- **Task goal**:
Would you please transcribe the data in full and exactly, excluding images?

- **Input data**:
####

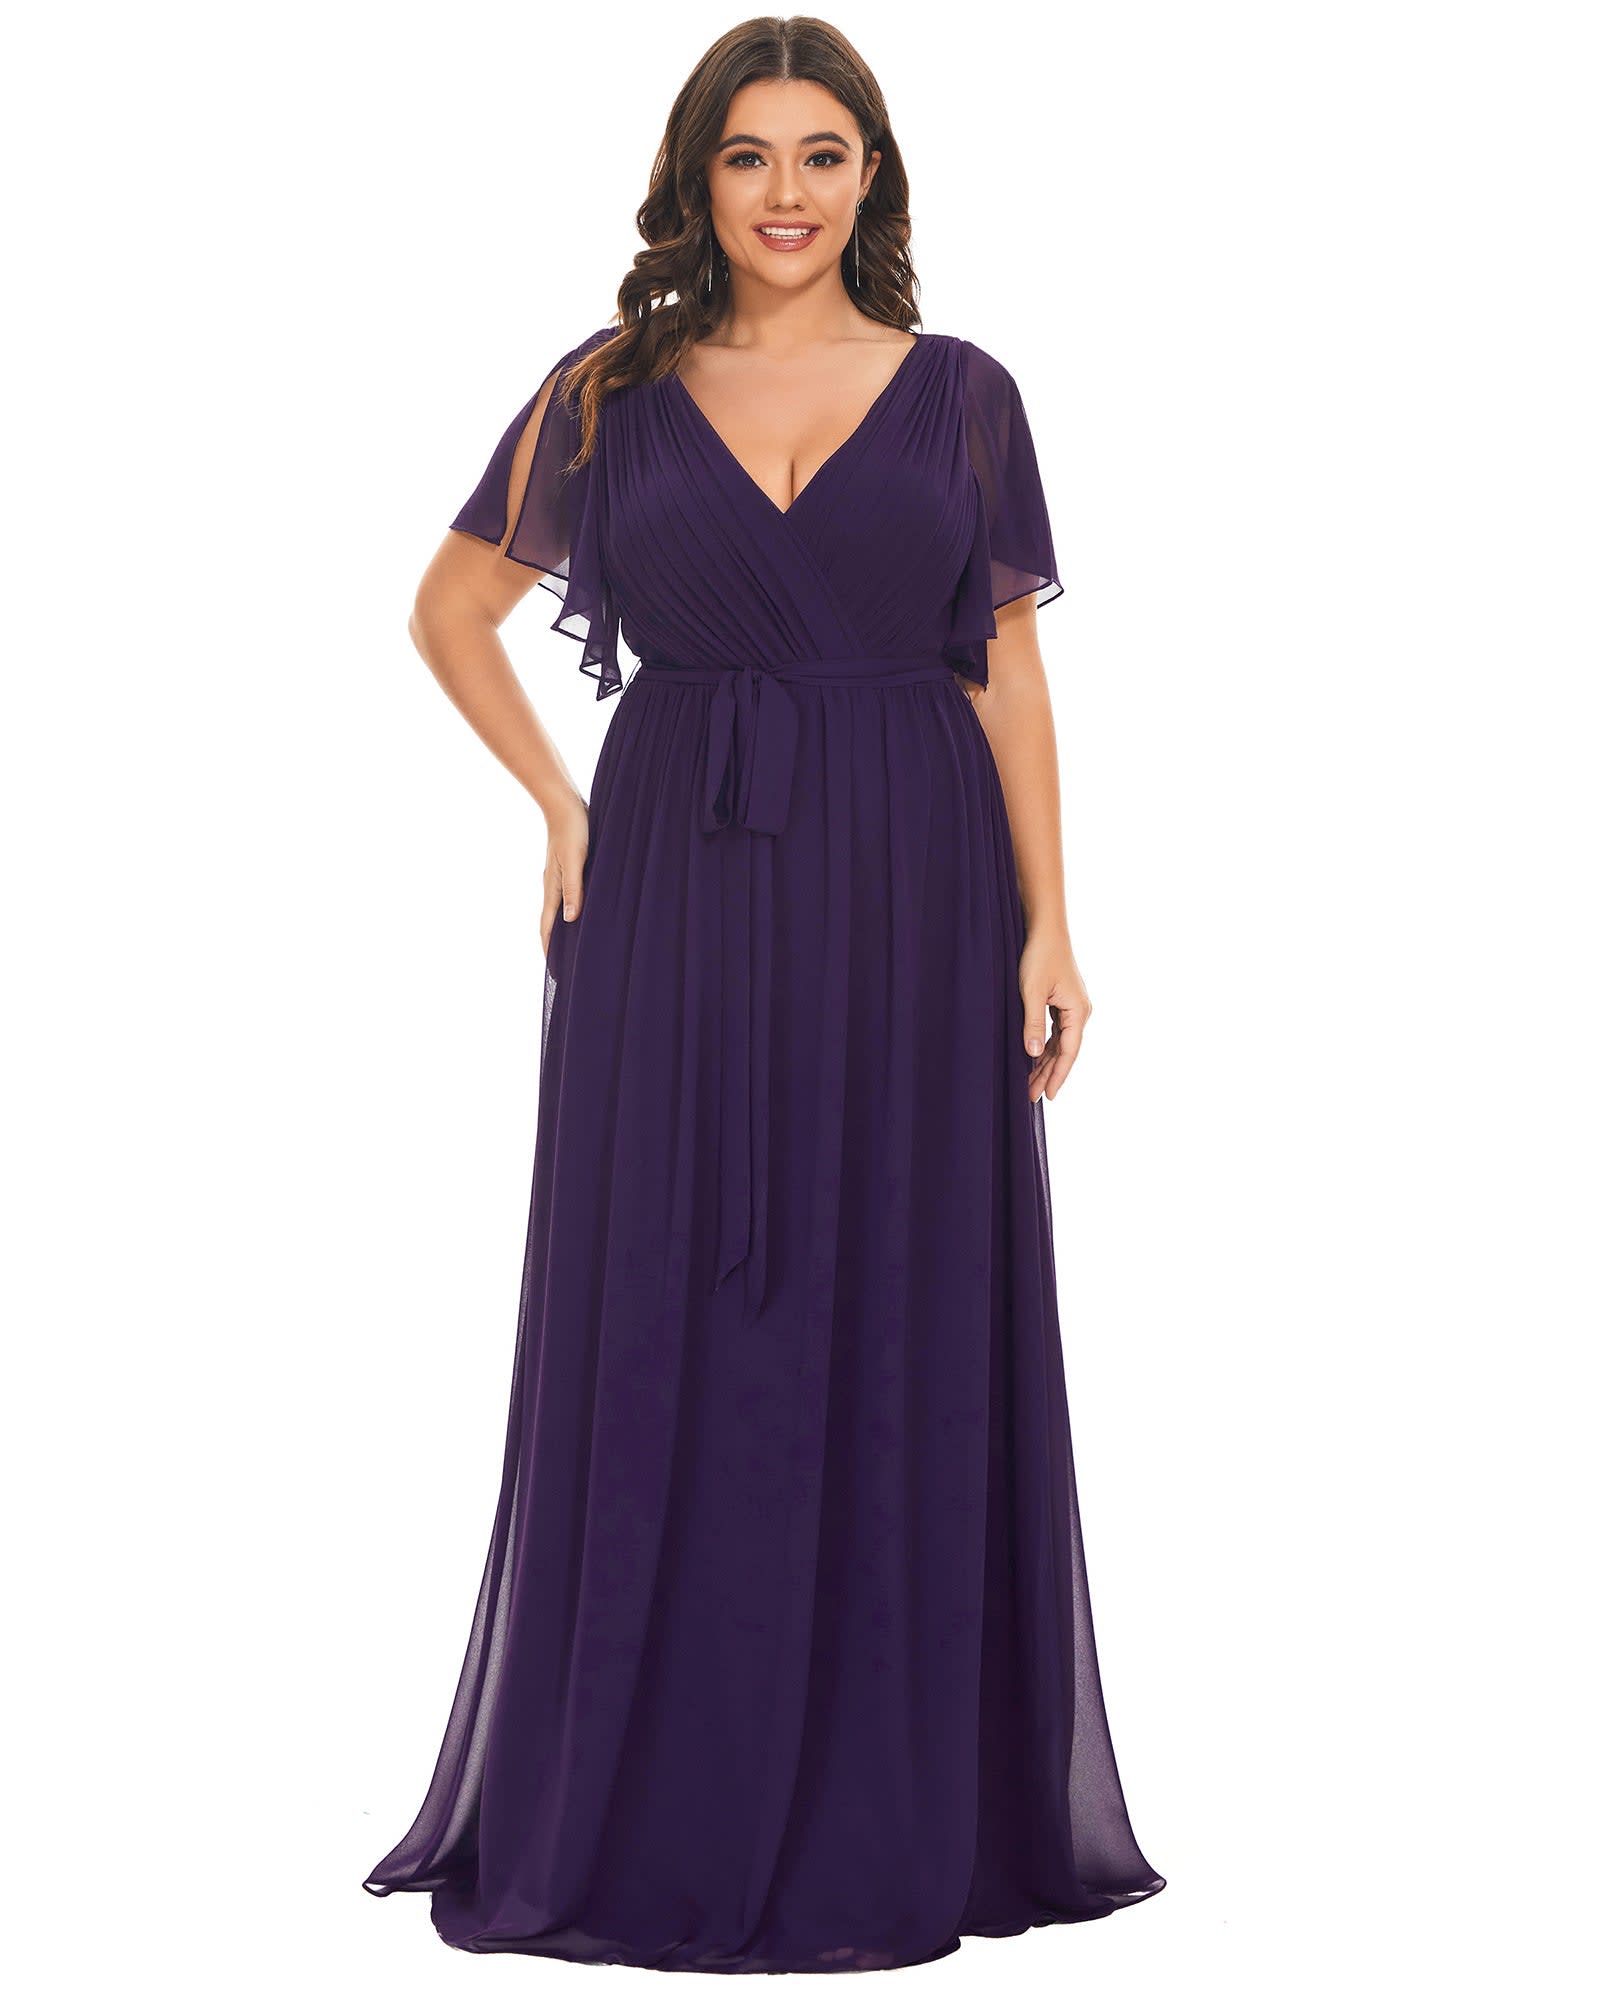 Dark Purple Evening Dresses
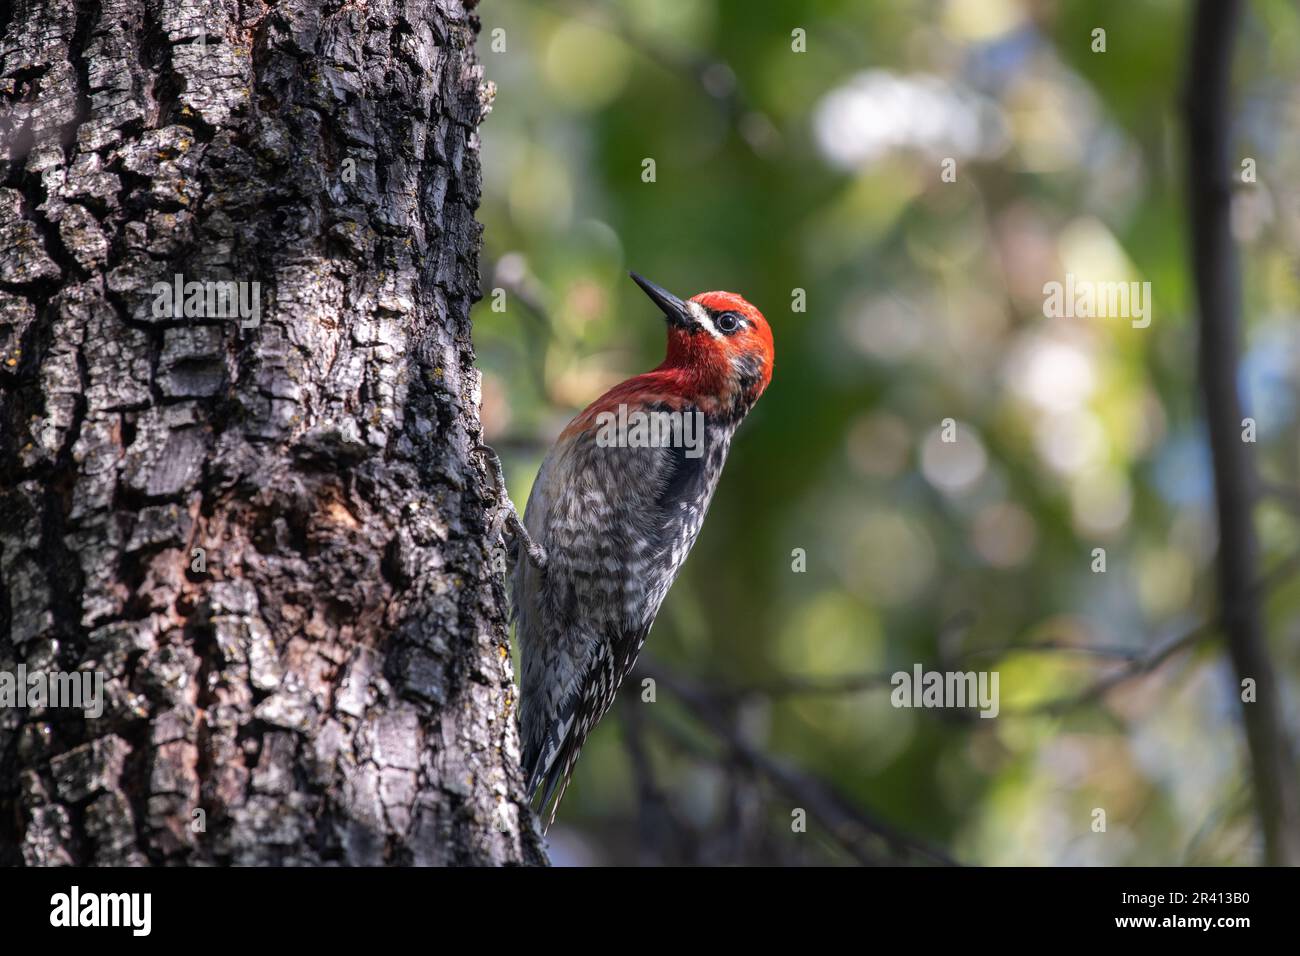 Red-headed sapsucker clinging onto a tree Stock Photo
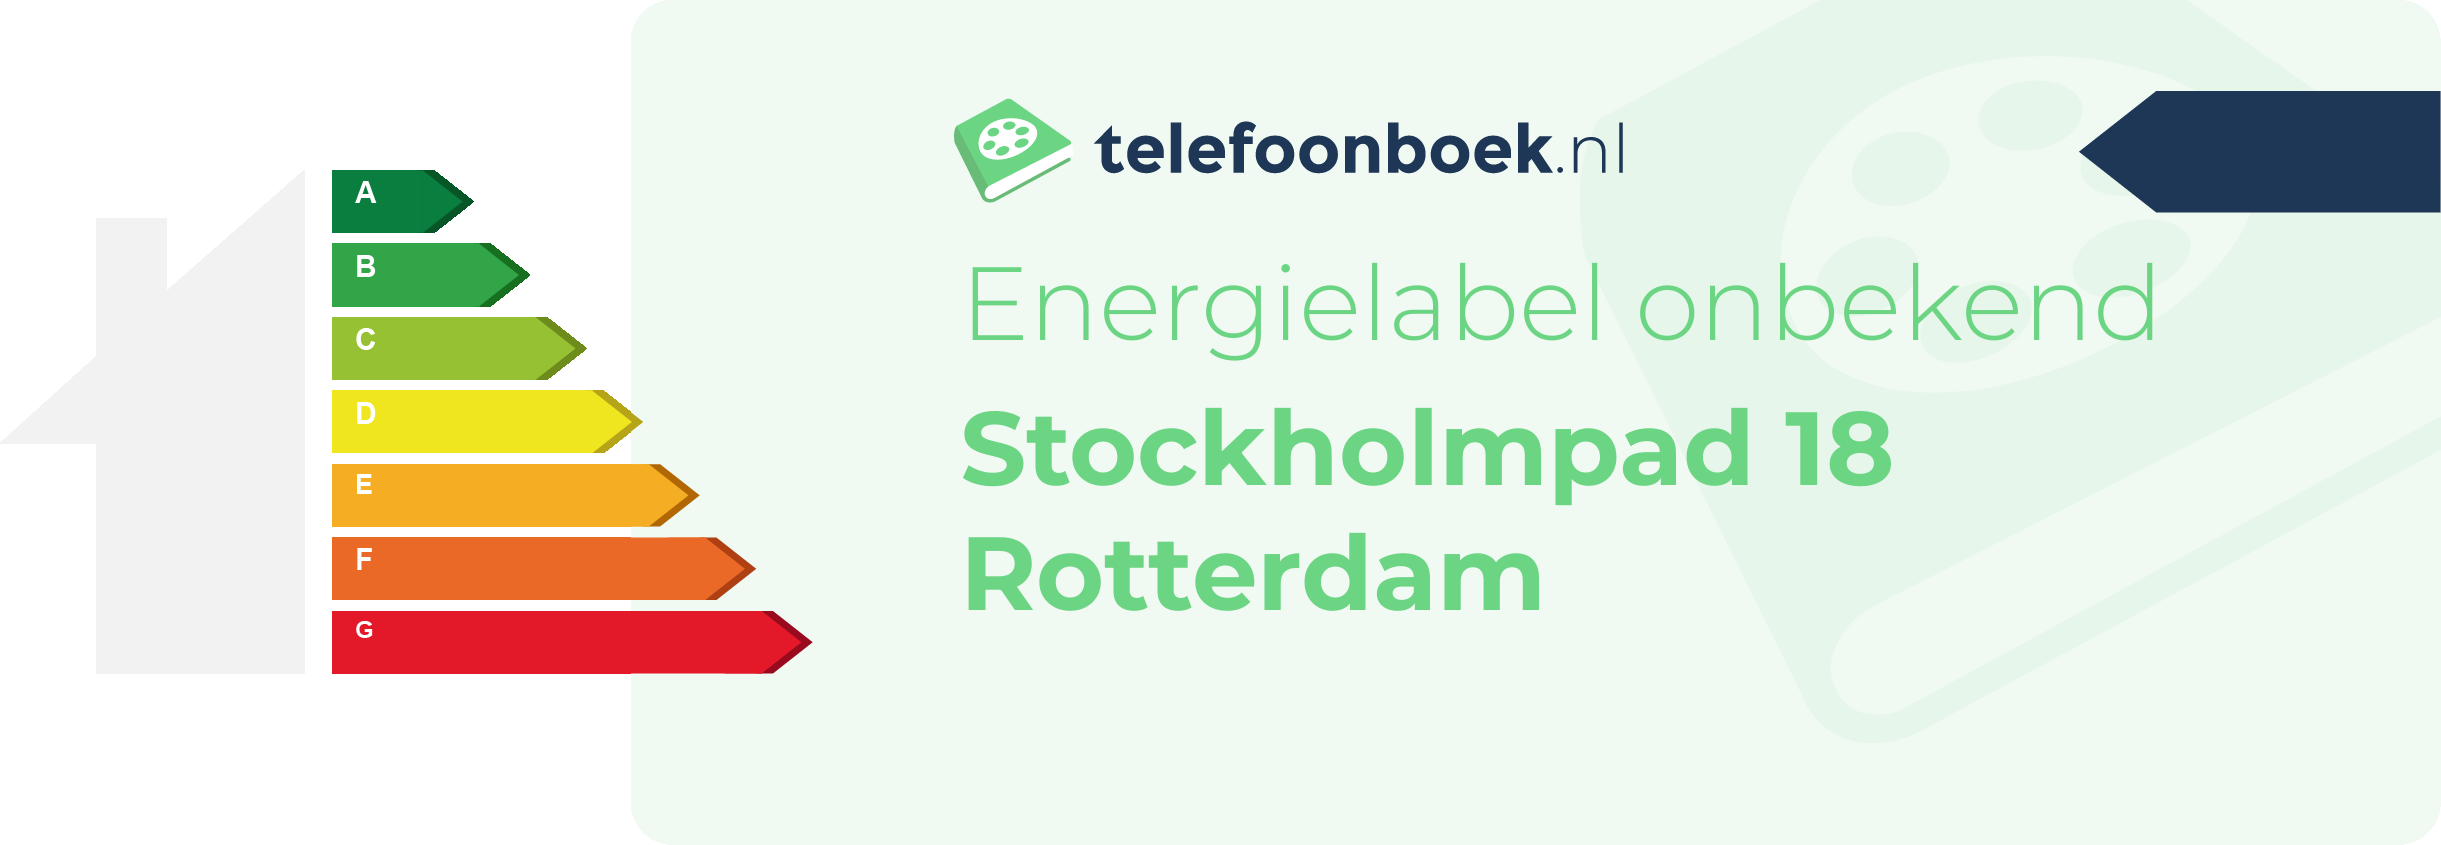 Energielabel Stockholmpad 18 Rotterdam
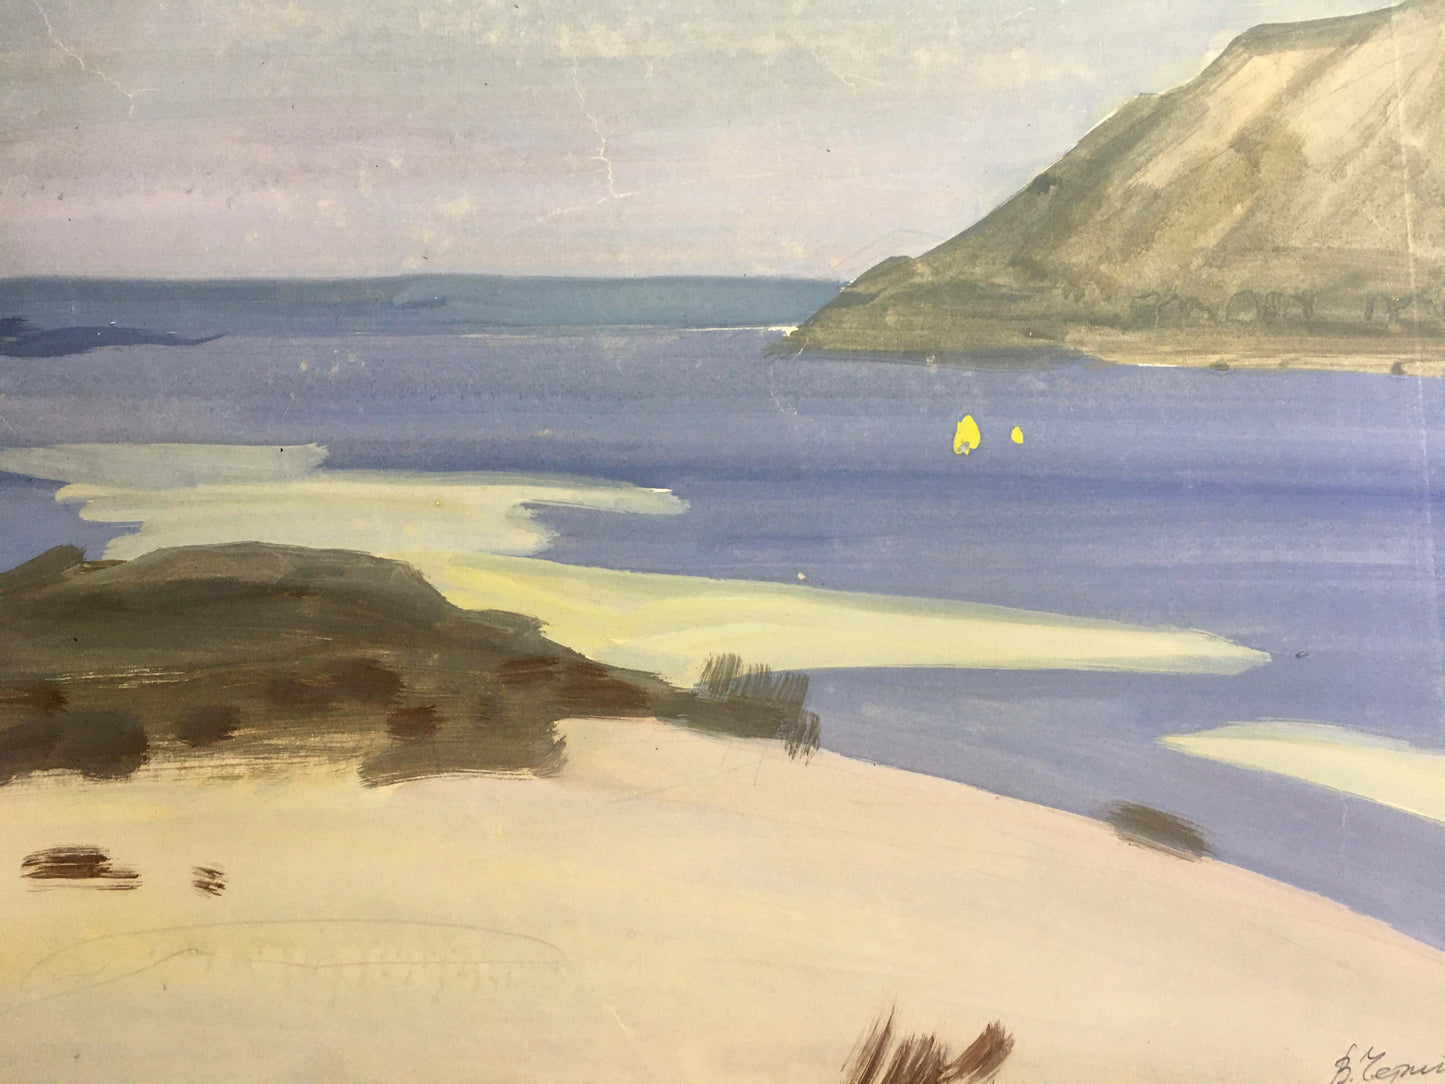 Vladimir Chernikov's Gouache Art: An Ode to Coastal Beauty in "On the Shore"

####

- **Solved exercise**:
 Dark Purple Evening Dresses
 Red-headed sapsucker clinging onto a tree Stock Photo
 Energielabel Stockholmpad 18 Rotterdam
 Vladimir Chernikov's Gouache Art: An Ode to Coastal Beauty in "On the Shore"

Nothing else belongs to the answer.